• [Assignment]:
The reply is to contain the full listing, repeated exactly, with pictures left out.

• [Exercise data]:

^^^^^^^^^^^^^^^^

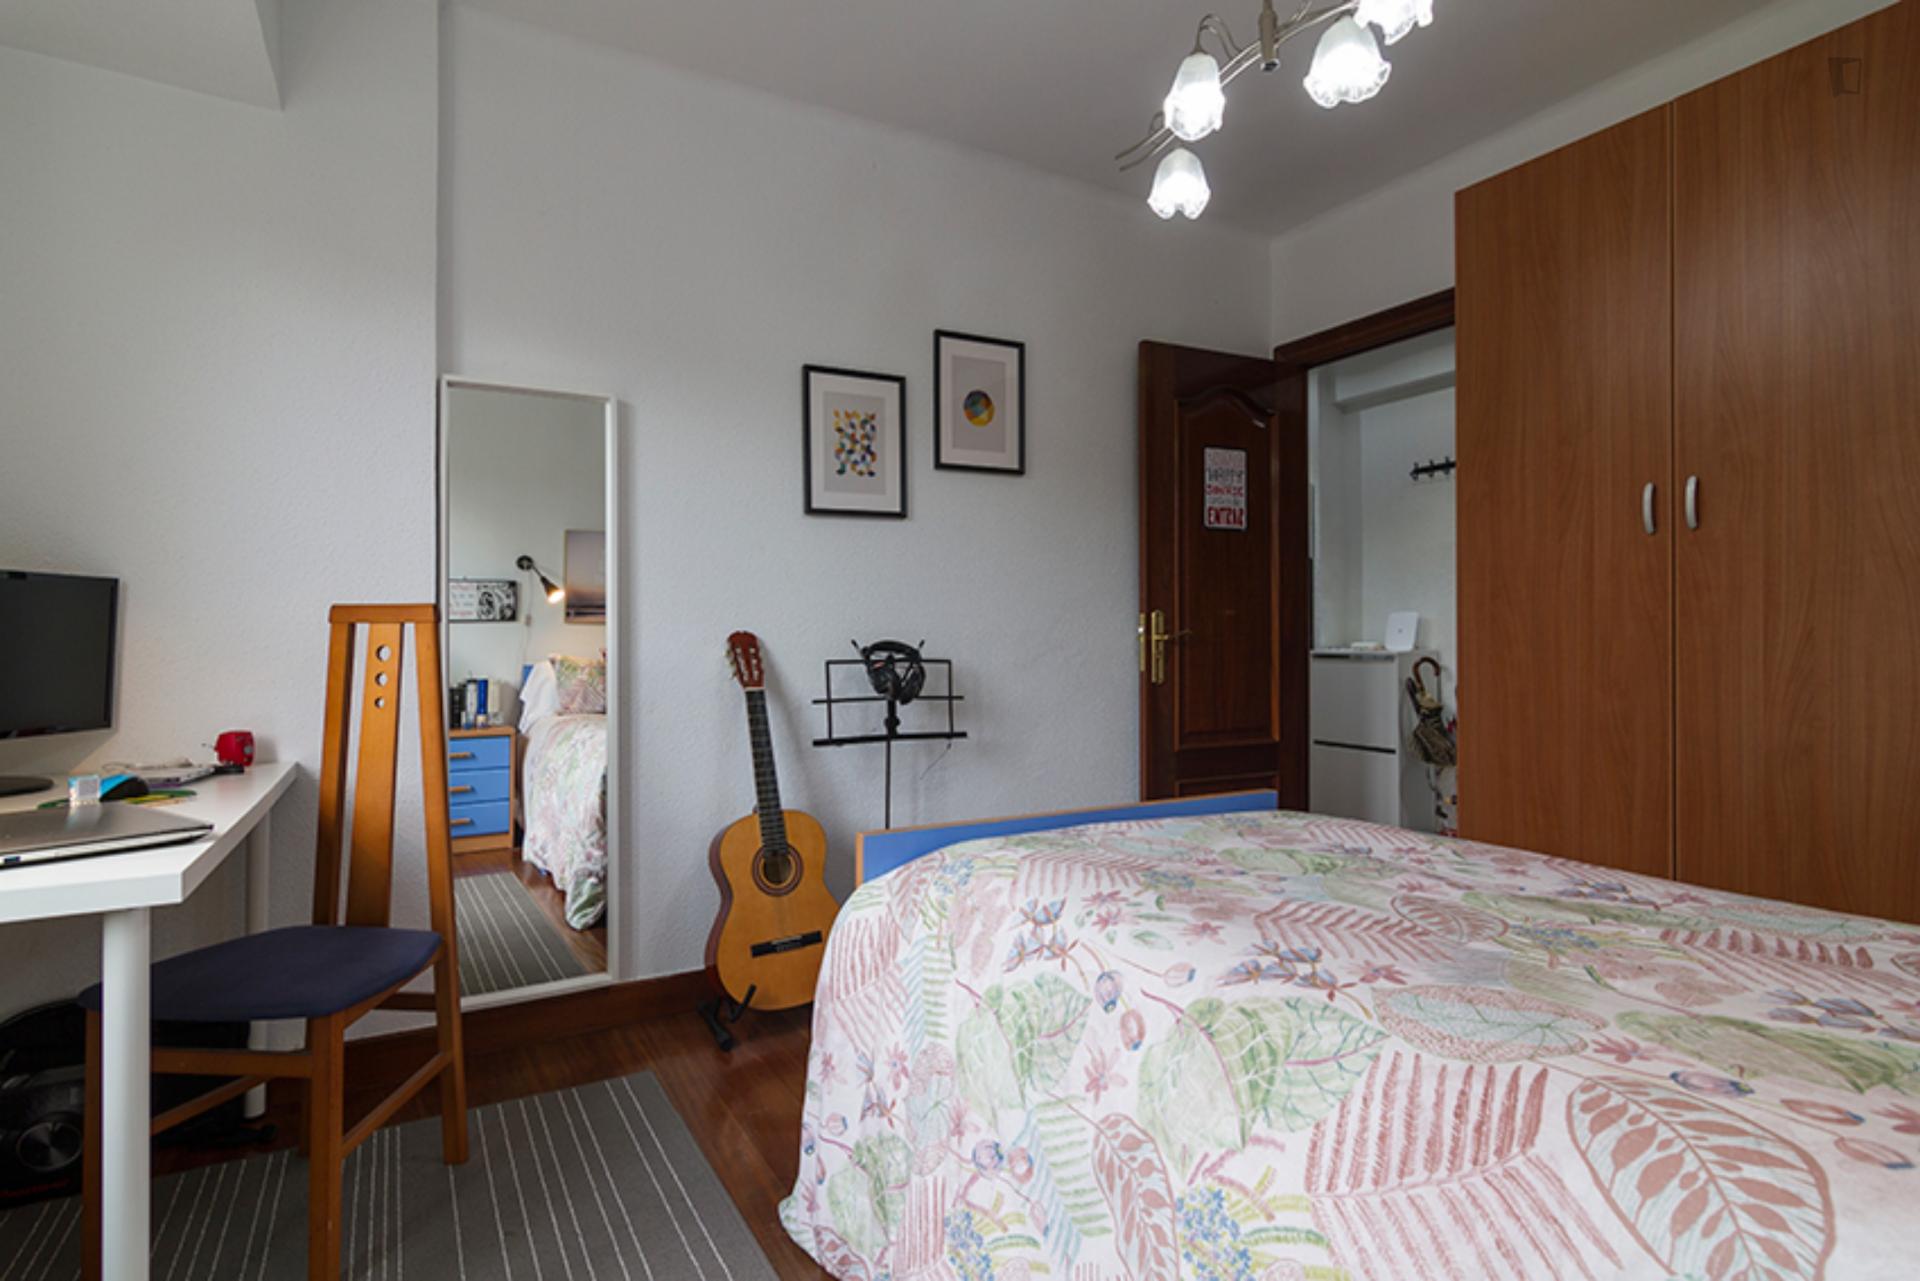 Santutxu - Nice single bedroom in Bilbao
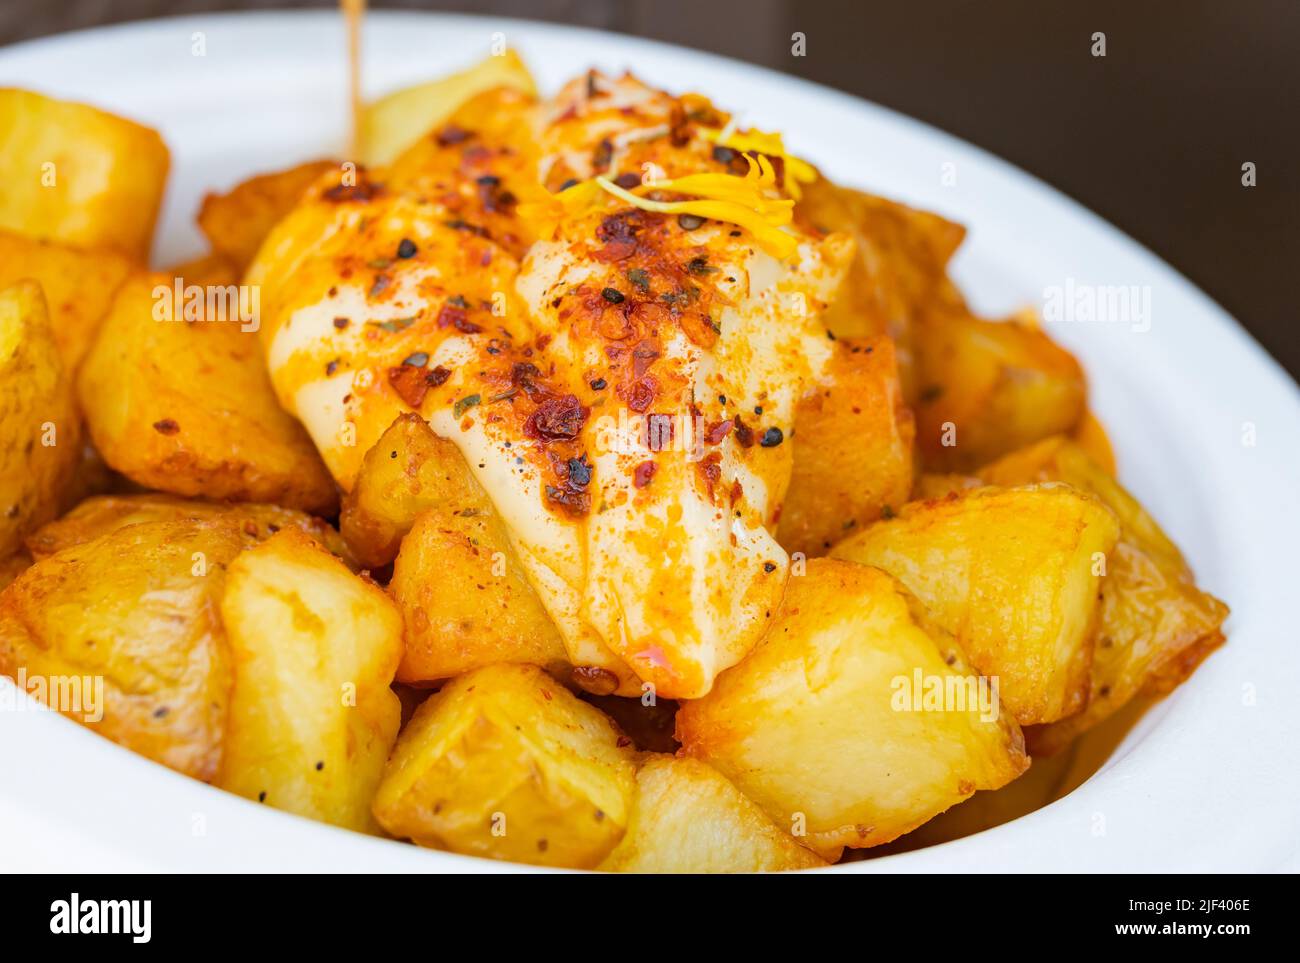 Patatas bravas traditionnel avec sauce aïoli, nourriture espagnole,  approche sélective de la sauce Photo Stock - Alamy
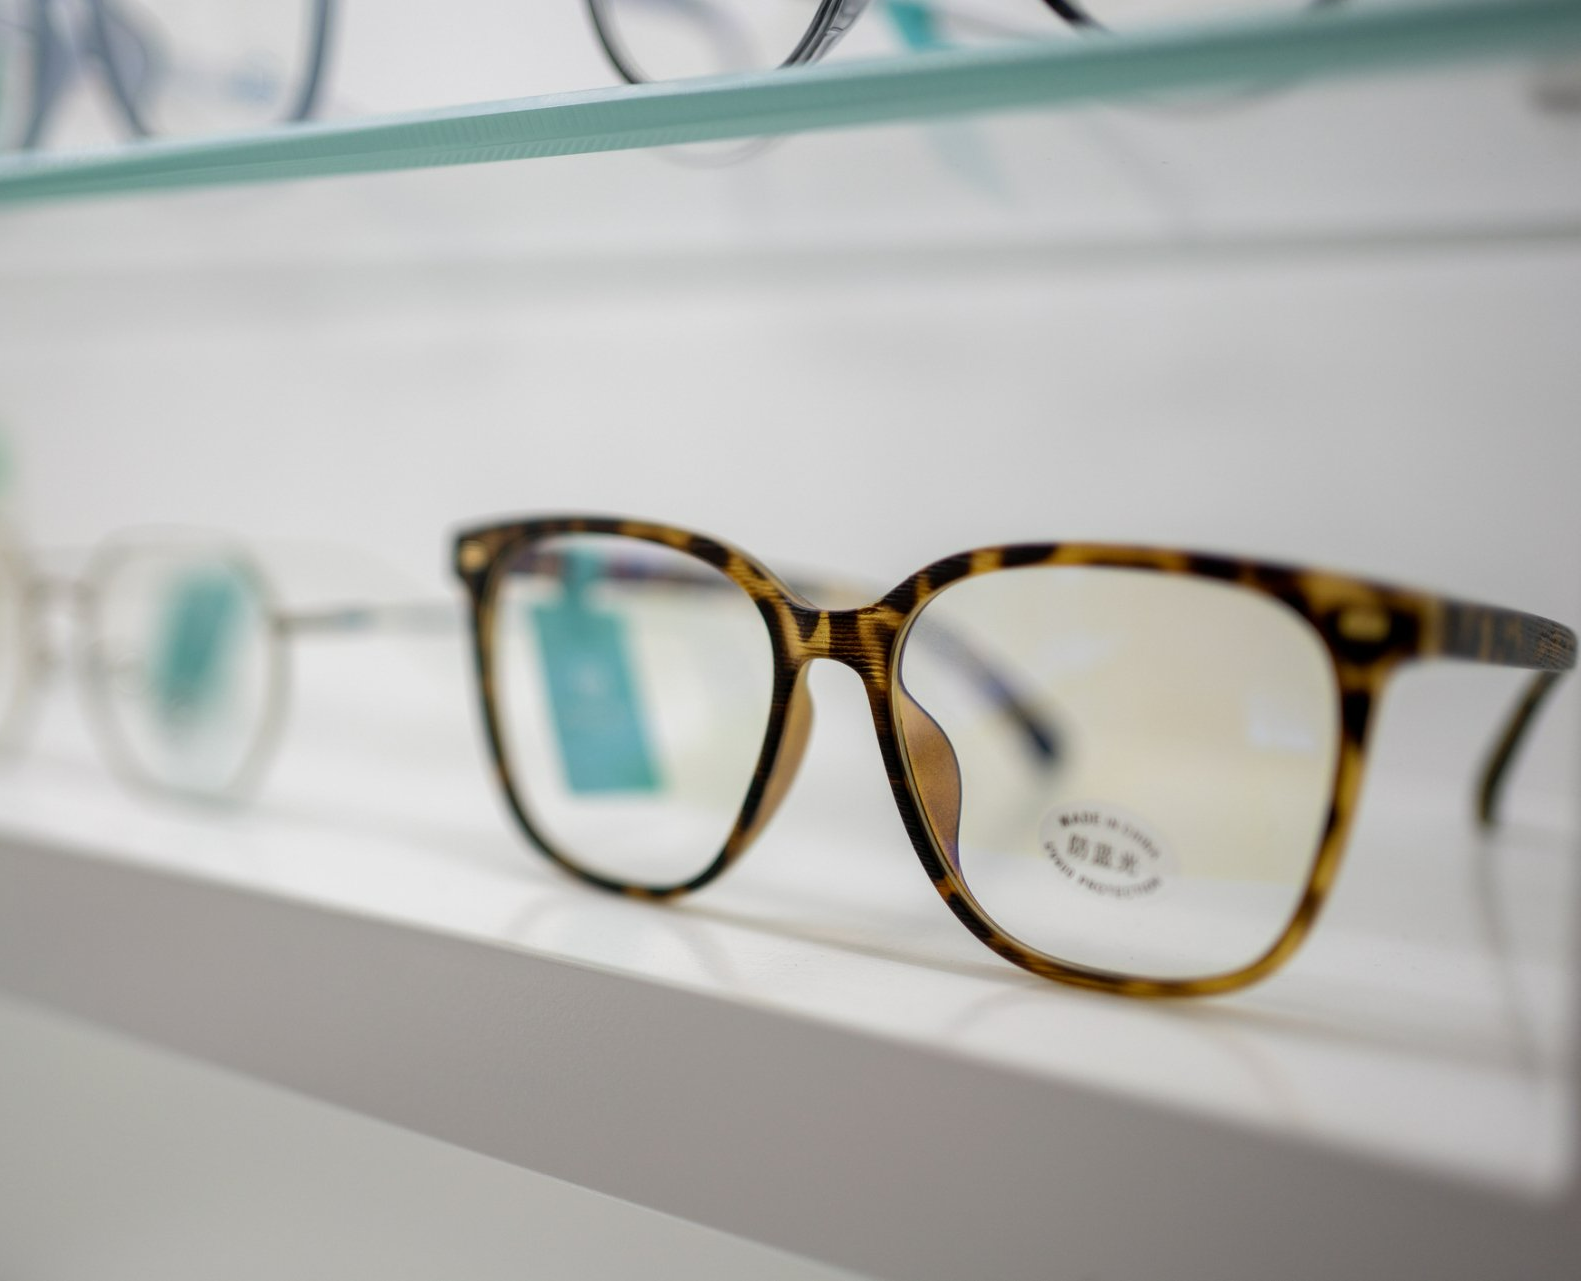 Rummel Optical — Eye Glasses and Contact Lenses in Prescott, AZ
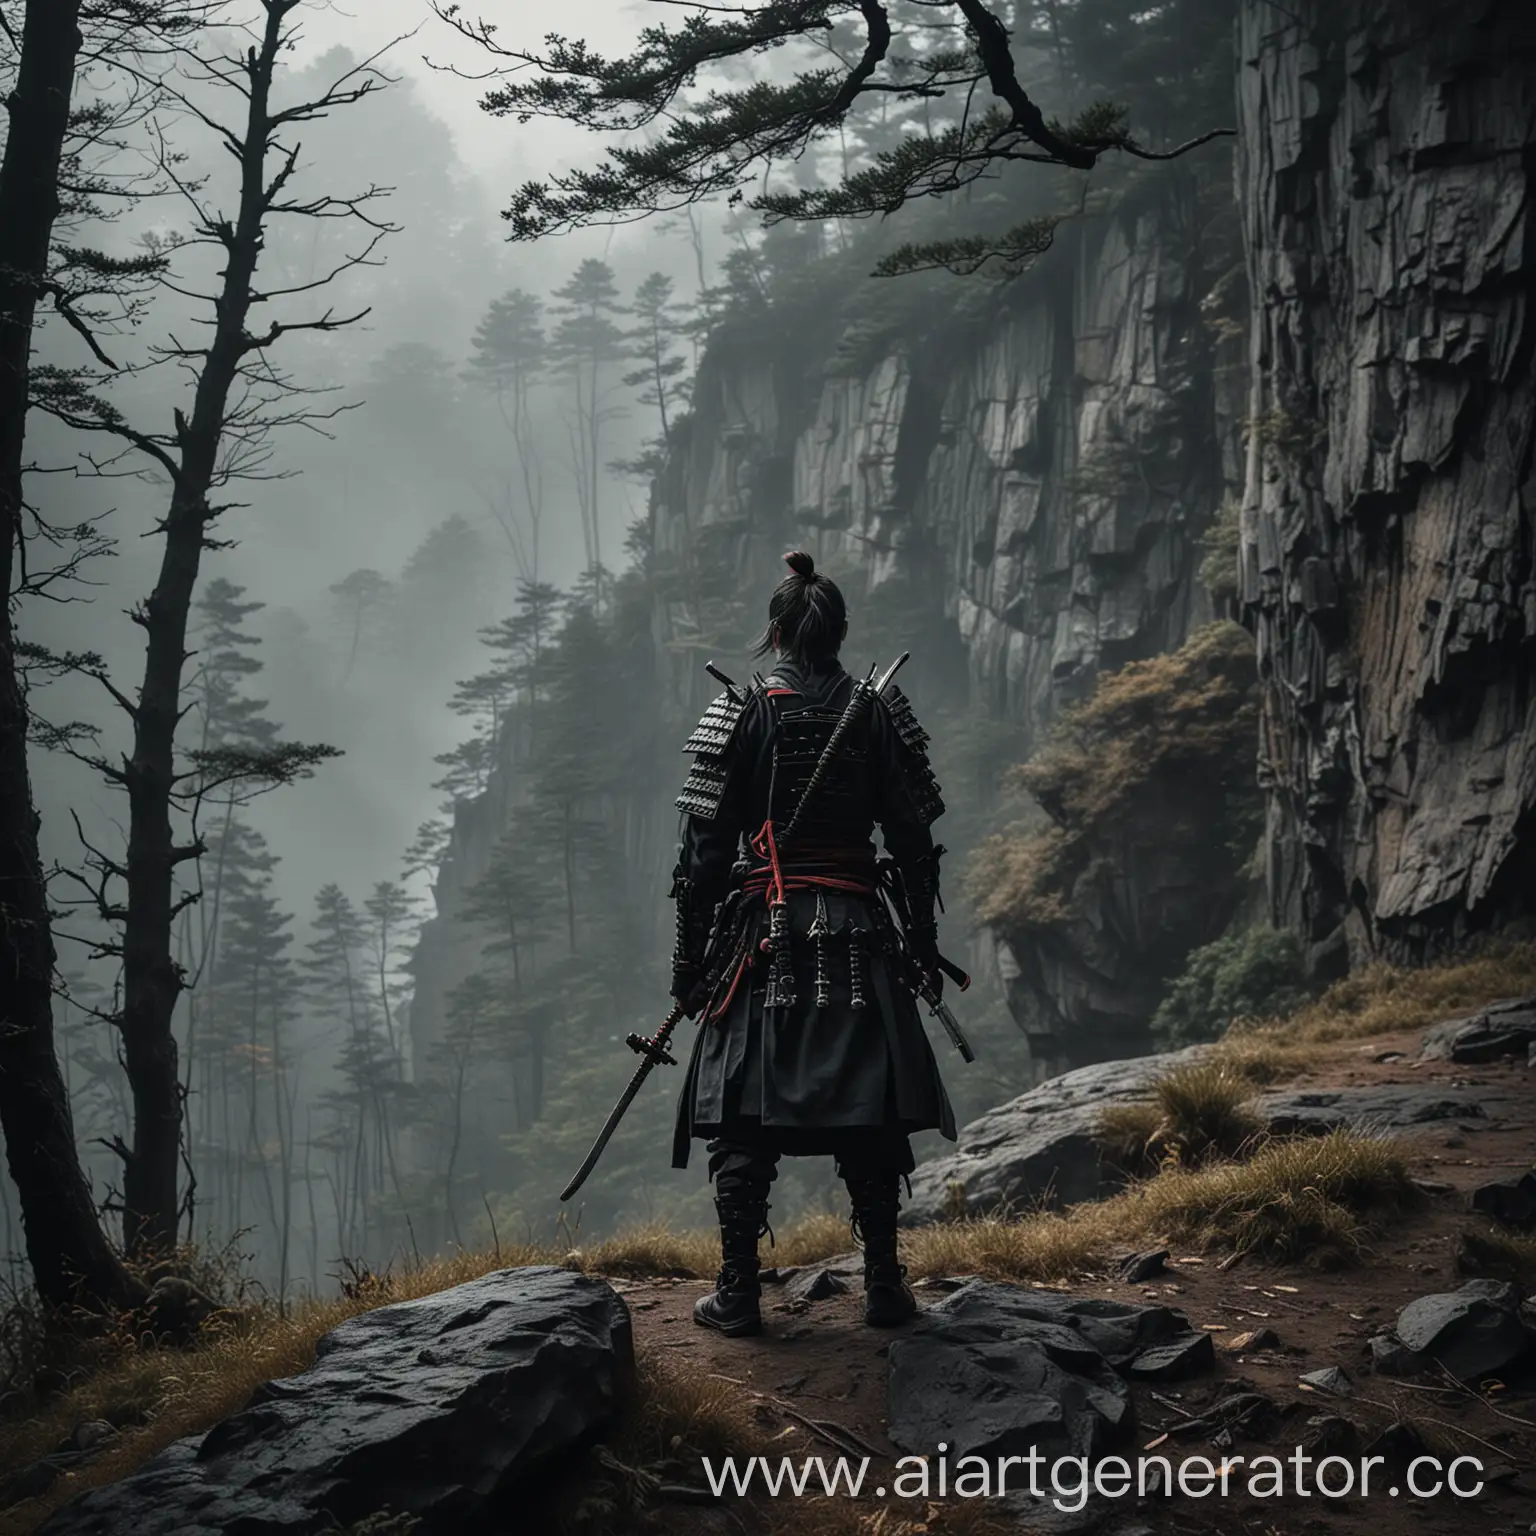 Mysterious-Samurai-Guardian-on-Cliffs-Edge-in-Dark-Forest

^^^^^^^^^^^^^^^^

• [Exercise result]:
 Santutxu - Nice single bedroom in Bilbao
 Patatas bravas traditionnel avec sauce aïoli, nourriture espagnole,  approche sélective de la sauce Photo Stock - Alamy
 Rummel Optical — Eye Glasses and Contact Lenses in Prescott, AZ
 Mysterious-Samurai-Guardian-on-Cliffs-Edge-in-Dark-Forest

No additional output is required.